One area that readily benefits from having access to a collection of computers is large-scale batch processing. Batch processing dates back to the early days of computing, when users would submit jobs (usually in the form of stacks of punched cards) that would then be run in batches. Today, it refers to a non-interactive environment where one can submit a set of tasks for execution and get results later. These jobs tend to be long-running and CPU-intensive. Circuit simulations and rendering frames for computer animation of movies are classic examples. The typical solution is to maintain a queue of frames to be rendered and have a dispatcher that remotely executes the process on an available server.

Batch processing environments for computer animation are referred to as render farms. These are collections of computers, all of which are generally connected to a shared storage system. A coordinator maintains a work queue and distributes tasks to each member of the farm ("machine 1 renders frame 1," "machine 2 renders frame 2," etc.). When a machine is done with its task, it informs the coordinator and gets the next chunk of work.
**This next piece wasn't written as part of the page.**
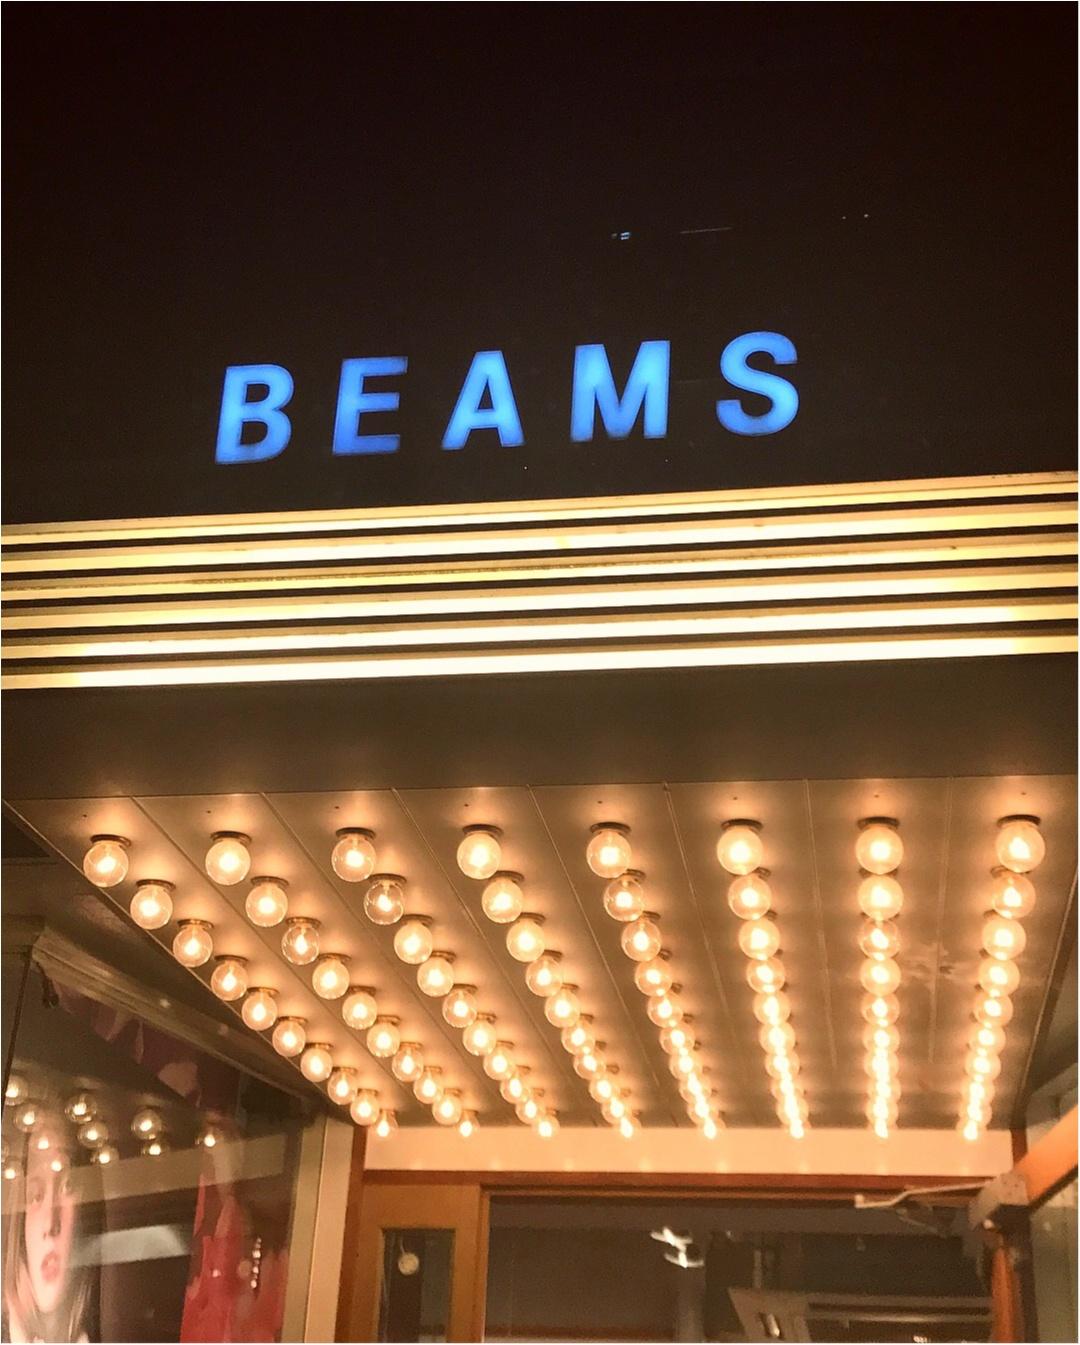 【Fashion】BEAMSから注目の新ライン「maturely」が登場!原宿店も店内リニューアル❤︎_1

The composition of render farms changes frequently as companies beef up their infrastructure and replace aging equipment. As an example of the types of systems that a few render farms use, consider:

Pixar: 1,024 machines with 2.8 GHz Intel Xeon processors running Linux and Renderman software. THe systems in aggregate have 2 TB RAM and 60 TB of disk space. Pixar initially used NFS file systems but switched to a SAN (Storage Area Network) based on an EMC CX700 after discovering that NFS was a bottleneck. The movie Cars required 300 times more compute power than Toy Story: 2,300 CPU years at a rate of approximately one hour per frame.
ILM: 3,000 AMD processor render farm that expands to 5,000 processors by harnessing desktop machines. For storage, they use 20 Linux-based SpinServer NAS systems and 3,000 disks from Network Appliance. Machines are networked with 10 Gbps ethernet.
DreamWorks: Dreamworks outsources their rendering to the HP Labs Utility Rendering Service. This is a 1,000-processor collection of machines running Linux.
Sony Pictures' Imageworks: This render farm comprises over 1,200 processors in Dell and IBM workstations. Almost 70 TB of data was processed in the rendering of Polar Express.
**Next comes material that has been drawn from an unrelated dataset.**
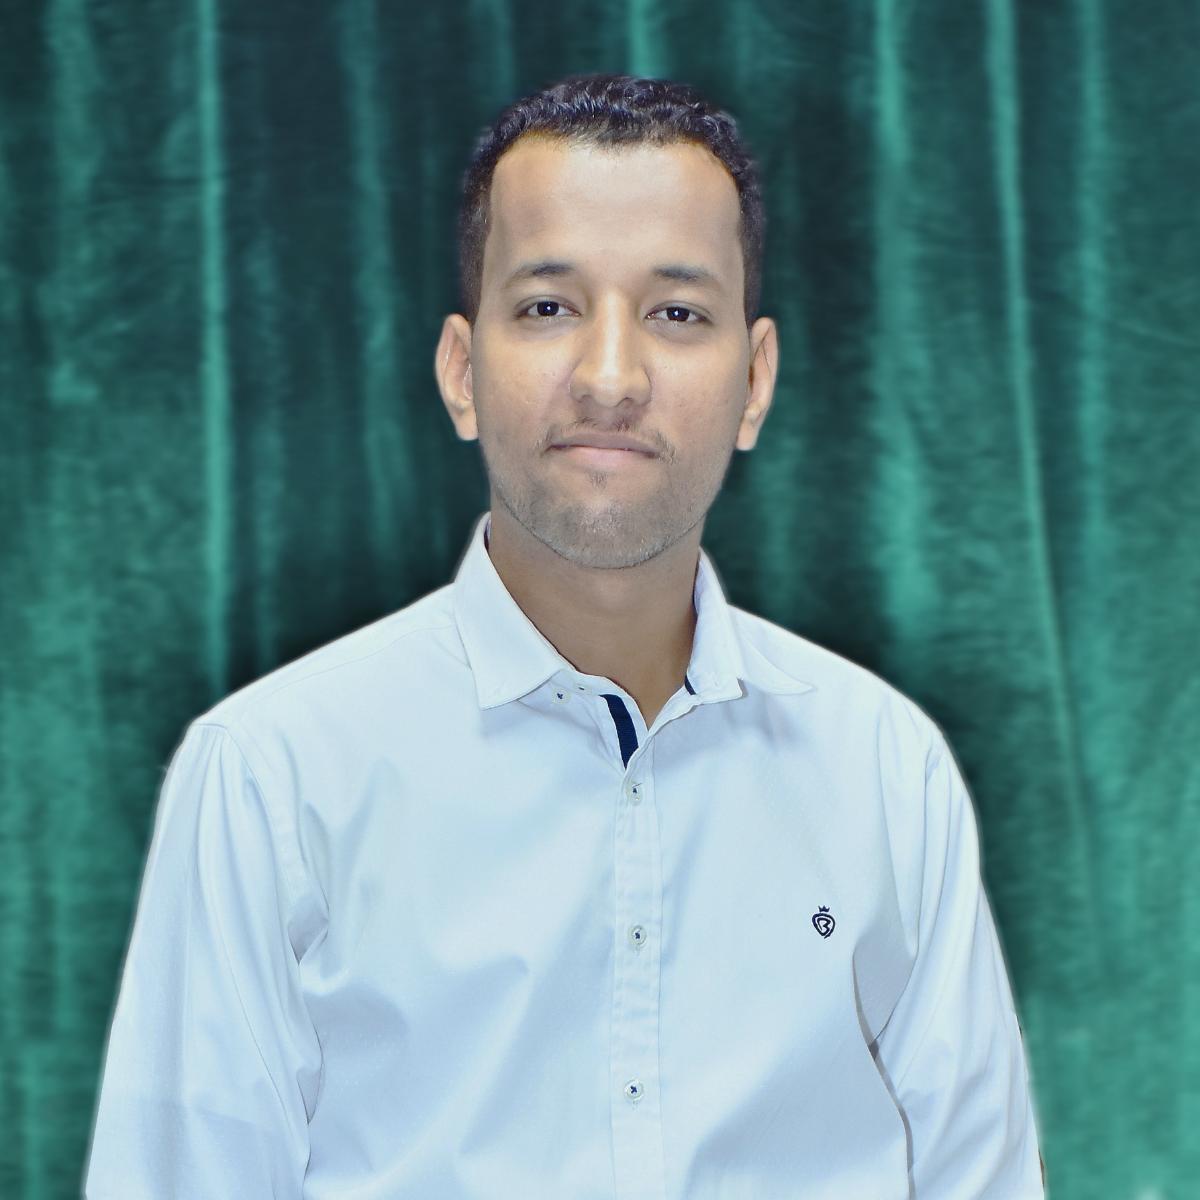 Dr. Abdulla Mohammed Bagahizel

Outside of proprietary batch processing solutions, there are a few attempts to create a general-purpose framework for dispatching and managing remote jobs. One of these is the Portable Batch System, OpenPBS. Like Beowulf, it has it's origins in NASA. The original free version is unsupported although there is still a user community for it that provides support and patches. The open source development on this effort has forked to the TORQUE Resource Manager project.

THe basic idea of these systems is that they provide software to submit, execute, list, hold, and delete jobs remotely.

Grid Computing

One relatively recent, and still very much evolving, effort is to develop software to deal with a general purpose decentralized collection of computing resources. The idea is to create a "virtual" clusters from a set of machines that will let you run your software for a period of time instead of using a dedicated cluster where the collection of machines is configured for and dedicated to a specific set of tasks.

The best known Grid effort is the Globus toolkit - an open source collection of software for building grids. The main goal of this software is to provide a standard set of interfaces for exchanging messages. The Globus toolkit makes use of web service mechanisms with XML-based formats for discovering, describing, and invoking services.

Clustering for High Availability (HA)

When we talk about the availability of systems, we may refer to different levels of statistical availability, which also include human overhead in dealing with failures. 100% is unattainable. 99.999%, known as "five nines" is the standard for devices such as phone system switches and generally requires backup power, earthquake-resistant enclosures (if needed), redundant power supplies and redundant networks. Just because your PC running FreeBSD hasn't been rebooted all year does not mean that the system is designed with five nines reliability.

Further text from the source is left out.